Task material section start
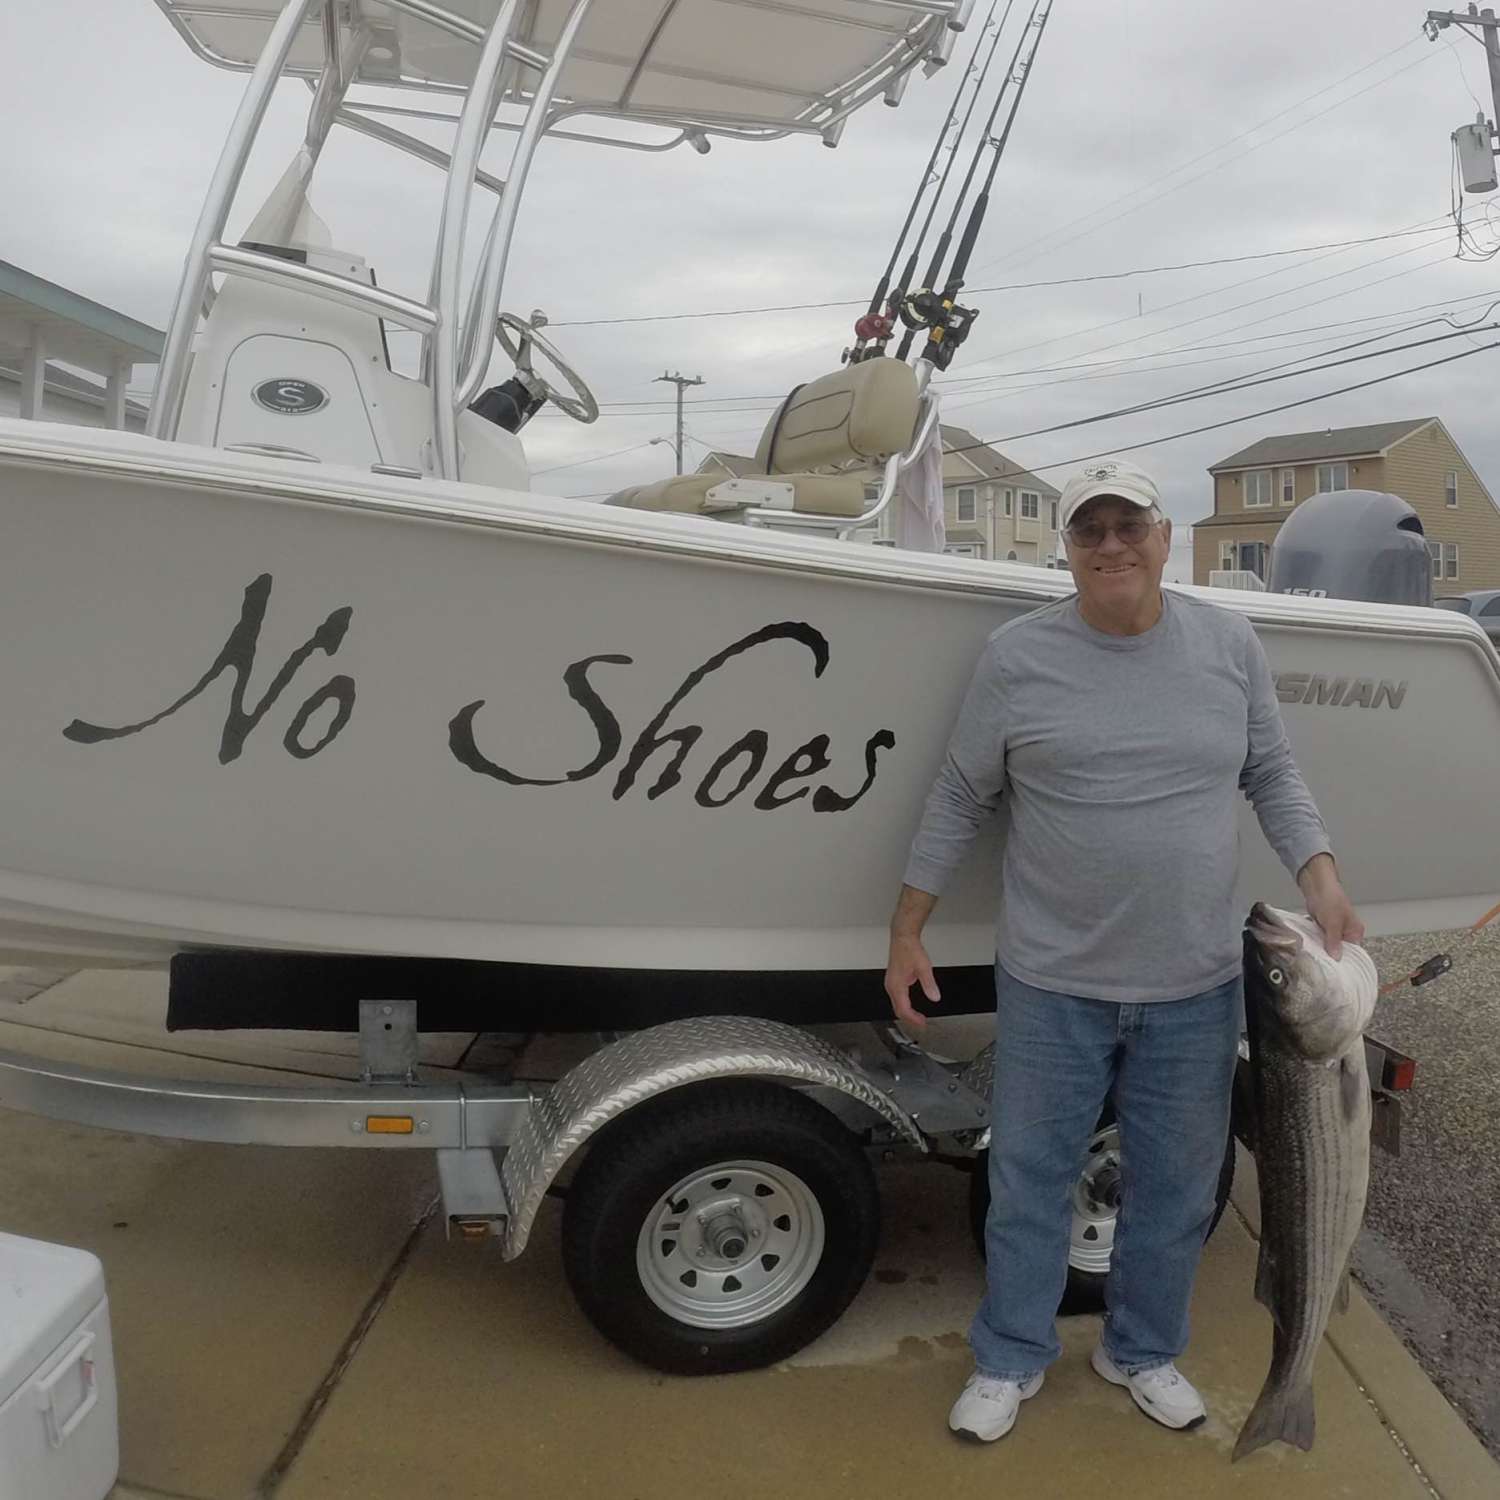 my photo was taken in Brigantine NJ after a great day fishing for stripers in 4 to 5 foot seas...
Task material section end
Task material section start
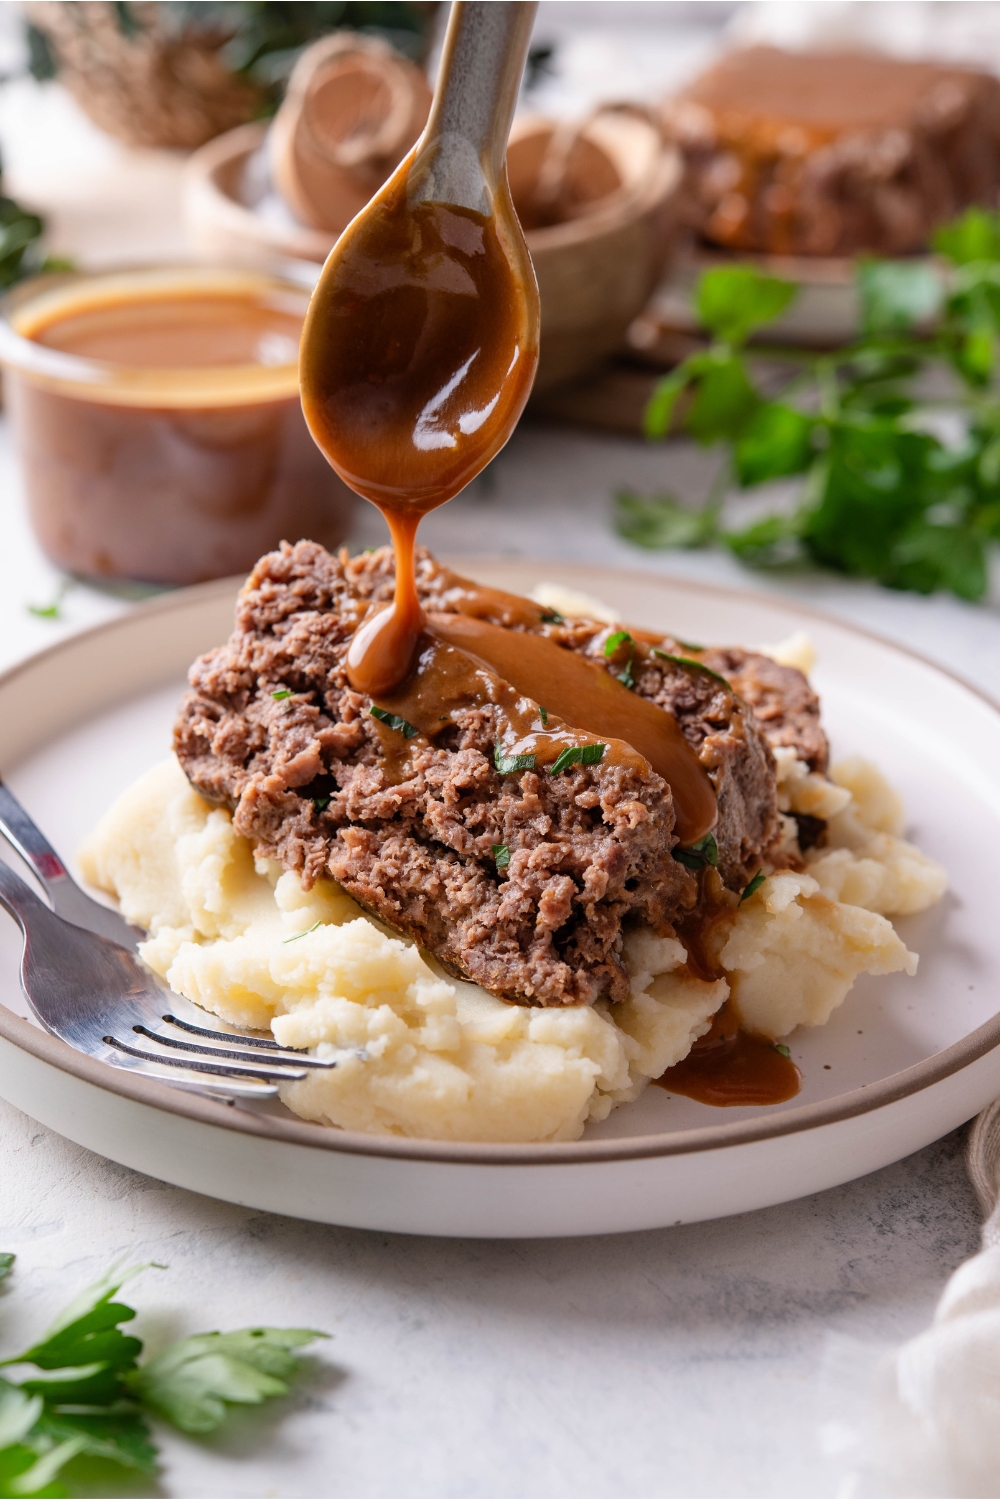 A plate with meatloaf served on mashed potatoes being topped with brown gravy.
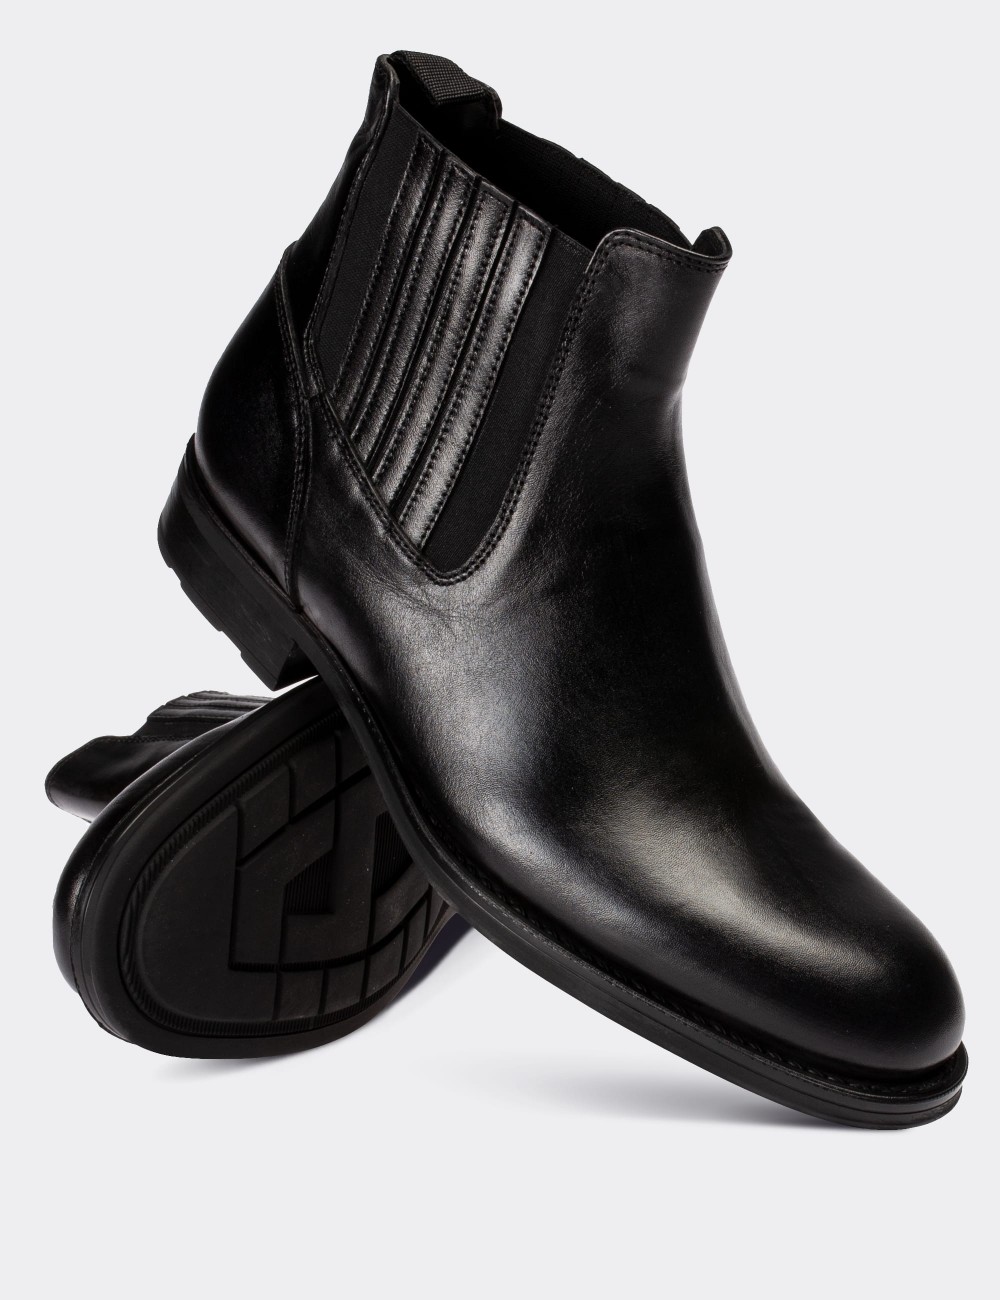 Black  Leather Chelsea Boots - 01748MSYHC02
Task material section end
> Problem details
Would you transcribe the lines above exactly, going from the line bearing "A plate with" through the line bearing "Boots - 01748MSYHC02", and drop the pictures from the copy?

> Solution below
 A plate with meatloaf served on mashed potatoes being topped with brown gravy.
 Black  Leather Chelsea Boots - 01748MSYHC02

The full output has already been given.